I lavoratori prima di tutto

Appunti sparsi per una parola in cerca di senso

“Cosa vuol dire Sinistra?” Chiedeva Fabio Fazio nel Novembre del 2010 a Pierluigi Bersani, in una famosa intervista doppia con la Destra, degnamente difesa da Gianfranco Fini. L’allora segretario del PD rispose, parafrasando, che la Sinistra è quella cosa che guarda il mondo con gli occhi dei più deboli. Ne fui entusiasta. Qualche anno dopo mi accorsi, ripensando a quelle parole, che erano piene di un insopportabile paternalismo: la Sinistra non può che essere quella cosa che esiste perché i più deboli possano guardare il mondo con i propri occhi!

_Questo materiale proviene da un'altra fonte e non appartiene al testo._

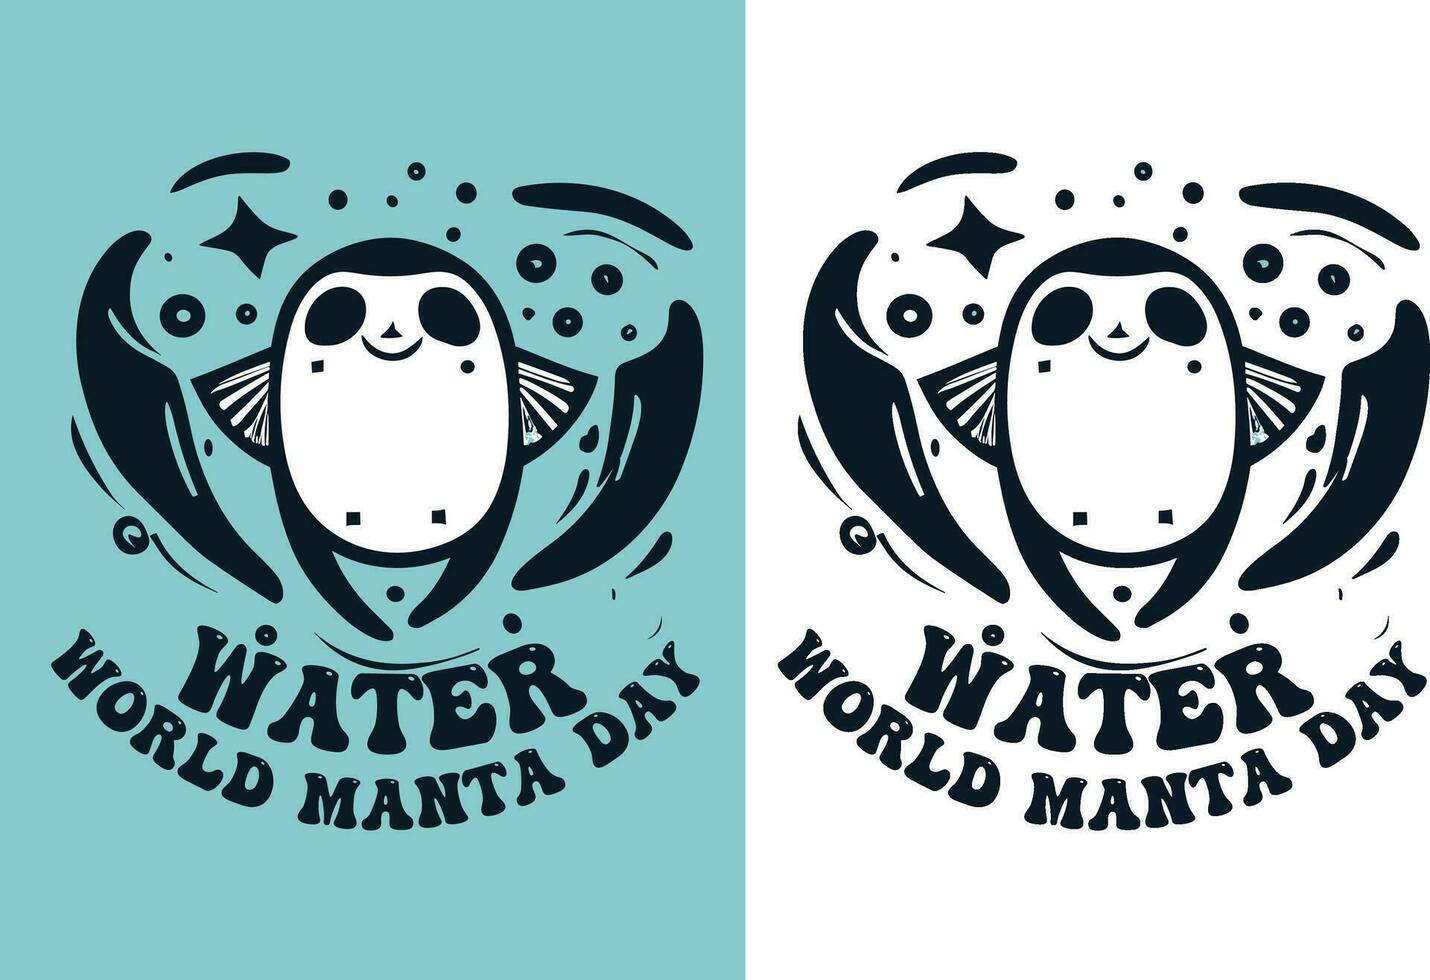 World Manta Day take a astra day T shirt Design vector

Nessuno (diffidate anche di chi vi scrive) è titolato a parlare a nome di chi lavora per vivere. Nessuno, se non i lavoratori stessi, può rappresentare le loro aspirazioni e i loro bisogni. Nei frammenti delle vertenze sindacali al ribasso, nei rigurgiti nostalgici, nelle assemblee tra addetti ai lavori, nelle politiche neoliberiste dei governi D’Alema, Prodi e Monti, che hanno ridotto all’osso la Sanità, la Scuola, i diritti del Lavoro, la parola Sinistra ha smarrito il suo significato, associandosi alle facce più distanti dal conflitto sociale: burocrati tristi, intellettuali senza spina dorsale, animali da salotto e giovani arrivisti di buona famiglia in cerca di un posto al sole.

La Sinistra è quella cosa che ha senso solo perché ogni Lunedì, all’alba, un esercito di muratori scende dai caseggiati popolari e aspetta sul ciglio della strada di vendere la schiena nei cantieri, magari al Nord Italia, lontani da casa giorni interi, per una paga che non basta a mandare avanti la famiglia. Perché ogni domenica migliaia di commessi vengono deportati nei centri commerciali, per rinunciare agli affetti e al riposo. Perché per quindici euro al giorno c’è chi consegna pizze a domicilio in pieno inverno, sotto la pioggia. Perché per venticinque euro qualcuno scende da casa per servire ai tavoli, qualcun altro per dimenticare la luce del sole, dopo dodici ore passate in cucina, come nelle miniere di carbone. Perché nel terzo millennio si può assistere ancora alla scena dei caporali che misurano le braccia e caricano sui furgoni i raccoglitori di patate, come se la schiavitù non fosse stata abolita mai. Perché chi sta male non se la prende più con chi sta meglio ma con chi sta peggio, nonostante in media un essere umano su dieci detenga indisturbato la stessa ricchezza di tutti gli altri nove decimi messi insieme. Perché dopo centinaia di concorsi e supplenze, qualcuno che sognava di insegnare riesce a vedere nel futuro nient’altro che un nemico: “Ridiventa straccio, e il più povero ti sventoli” cantava Pasolini nell’ode alla bandiera rossa, che all’epoca stava sbiadendo e che oggi è diventata completamente bianca.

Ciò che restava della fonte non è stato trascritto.